Thirty hospitals (77%) declared reporting their AMR consolidated results internally to either the epidemiology department, an ASP leader, or other hospital committee.
Twenty percent of the surveyed hospitals issued AMR reports to two entities, an additional 10% of them to 3 entities and 5% more to 4 different entities; reporting to >3 entities was observed only in public hospitals.
Two hospitals (5%) declared not submitting AMR reports at all.
Conclusion The adoption of reporting commitments without guiding national AMR policies derives into the duplicity of processes (reporting to different networks or entities) requiring additional human and financial resources.

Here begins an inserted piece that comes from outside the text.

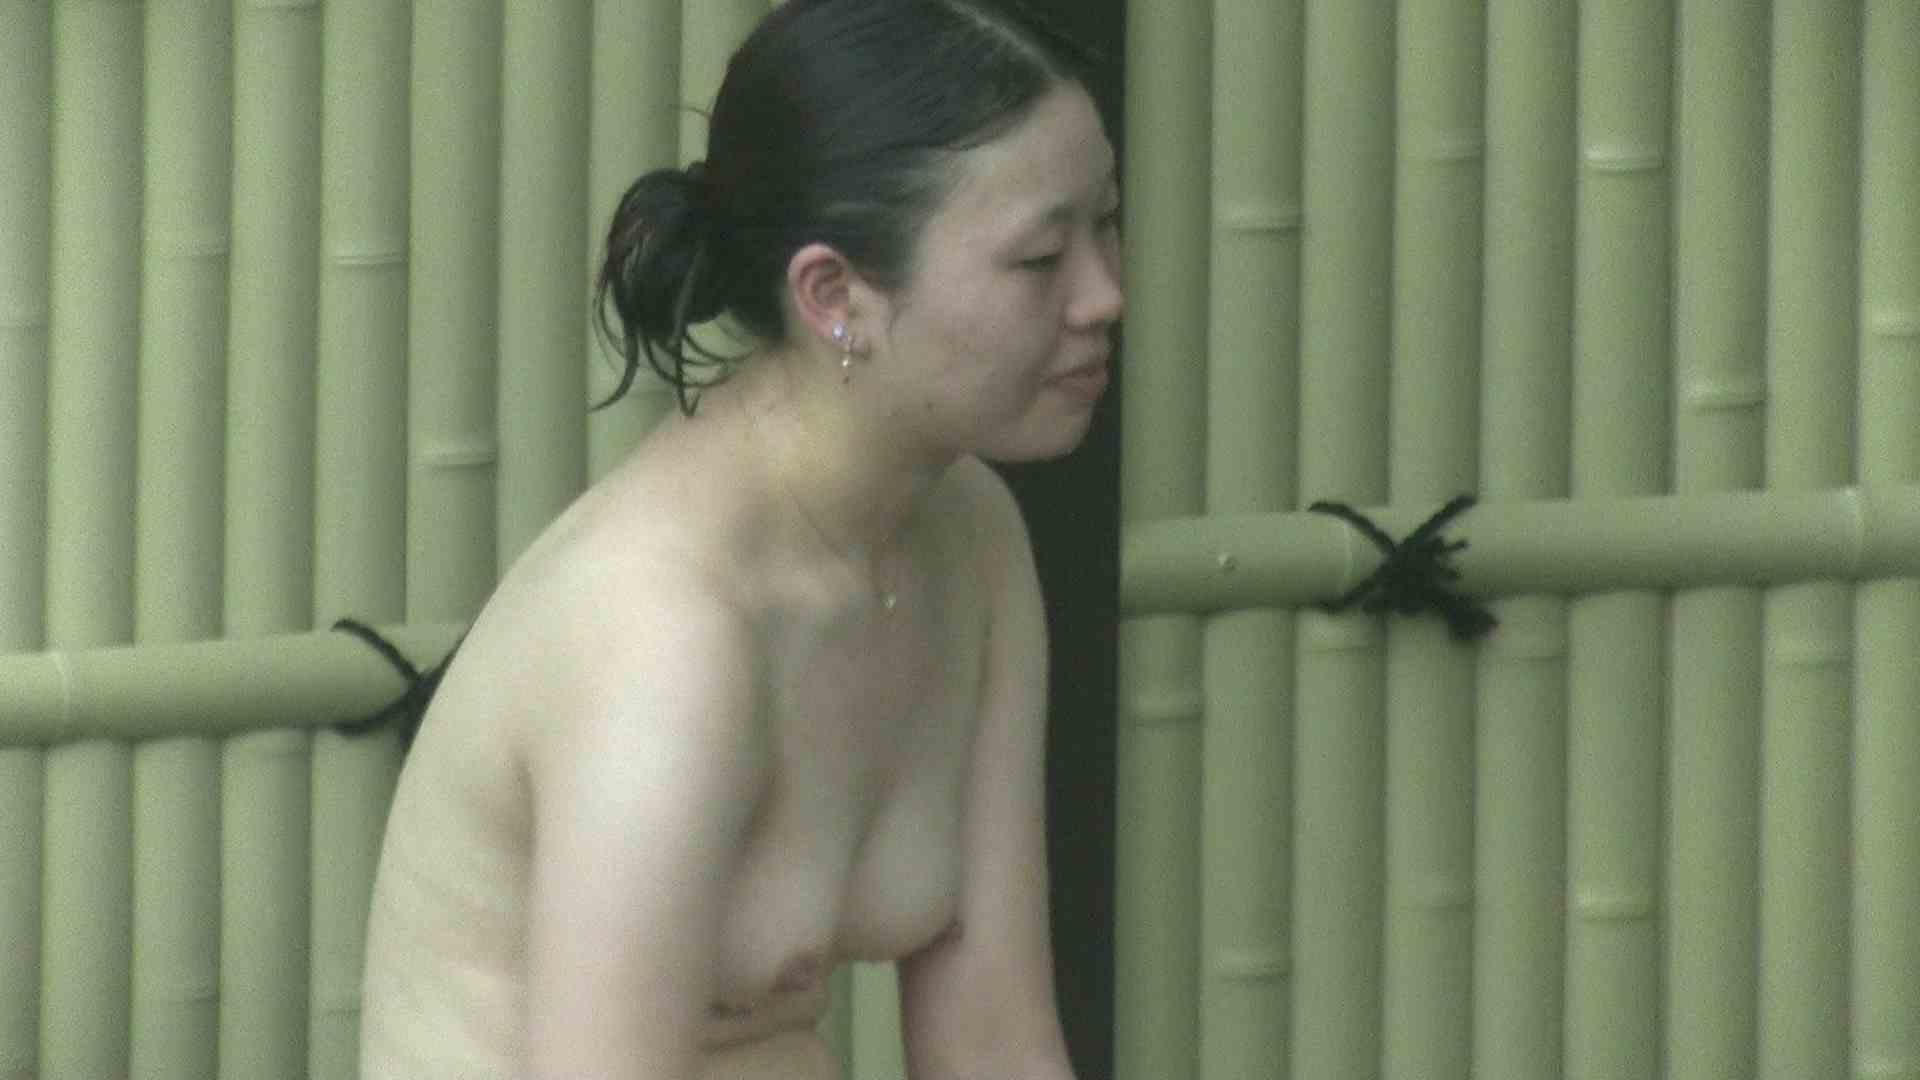 Aquaな露天風呂Vol.194 露天風呂編  110PIX 40
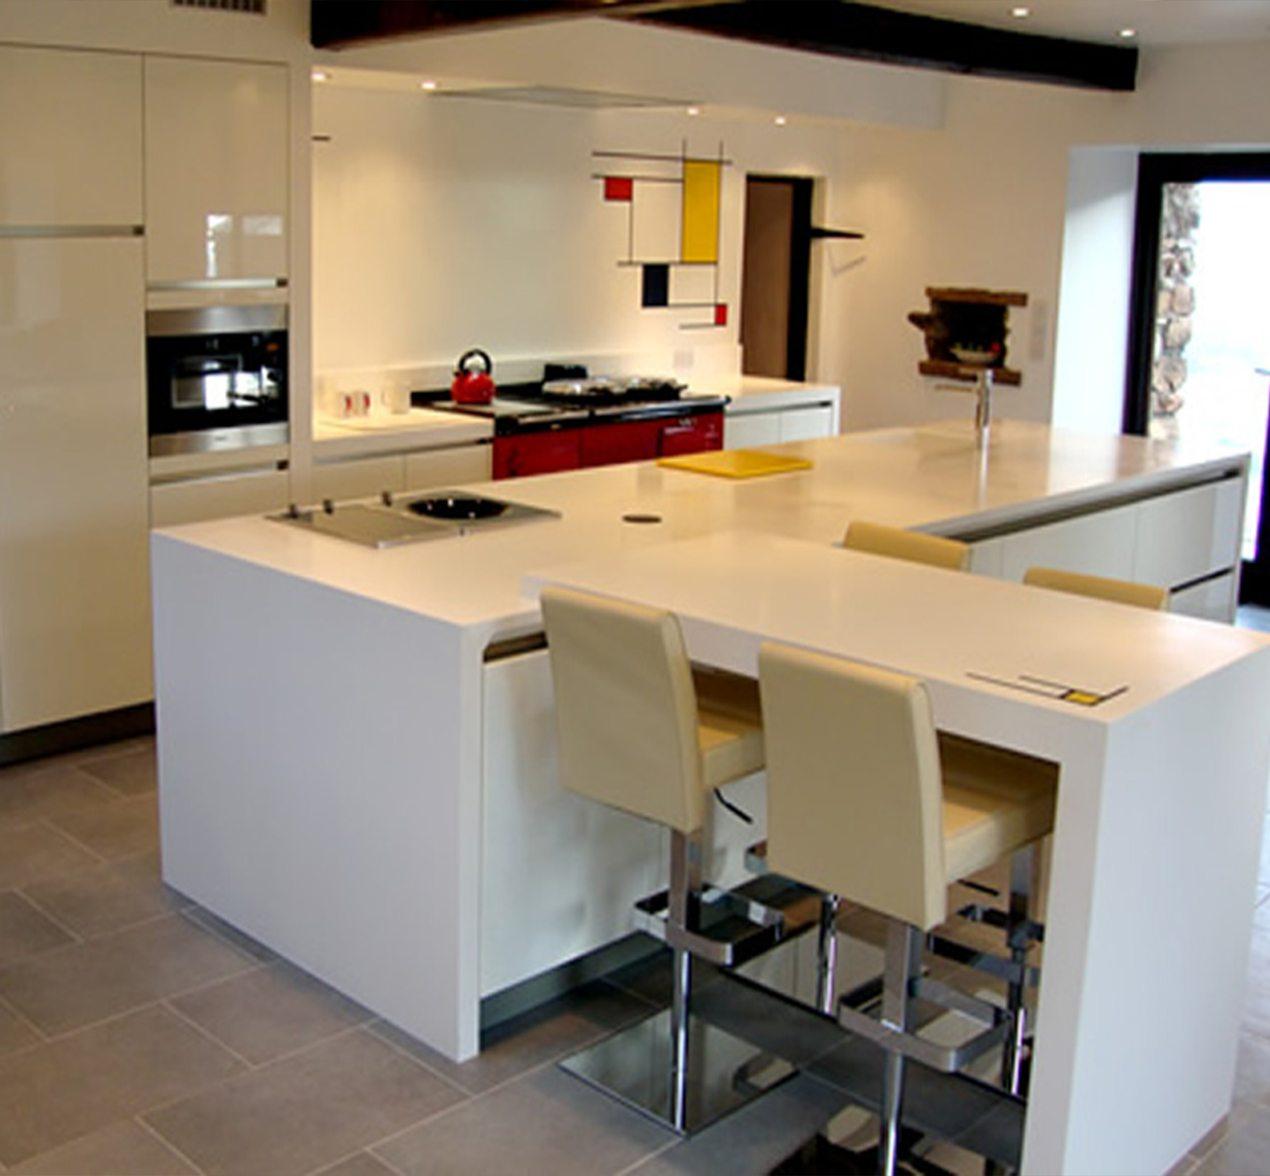 Unique kitchen furniture Filing Cabinet Unique Kitchen Project In The Lake District Reinvents The Famous Style Of Dutch Artist Piet Mondrian Kitchen Design Centre Unique Lake District Kitchen Design Kitchen Design Centre

It also reflects the unavailability of a functional national reporting system allowing all hospitals to monitor and access the reported information nationally or internationally (GLASS).
Optimizing AMR surveillance and reporting in Mexico must incorporate the simplification and standardization of reporting processes into an articulated system in line with the National Strategy against AMR.
Disclosures Anahí Dreser, PhD, MSD: Grant/Research Support.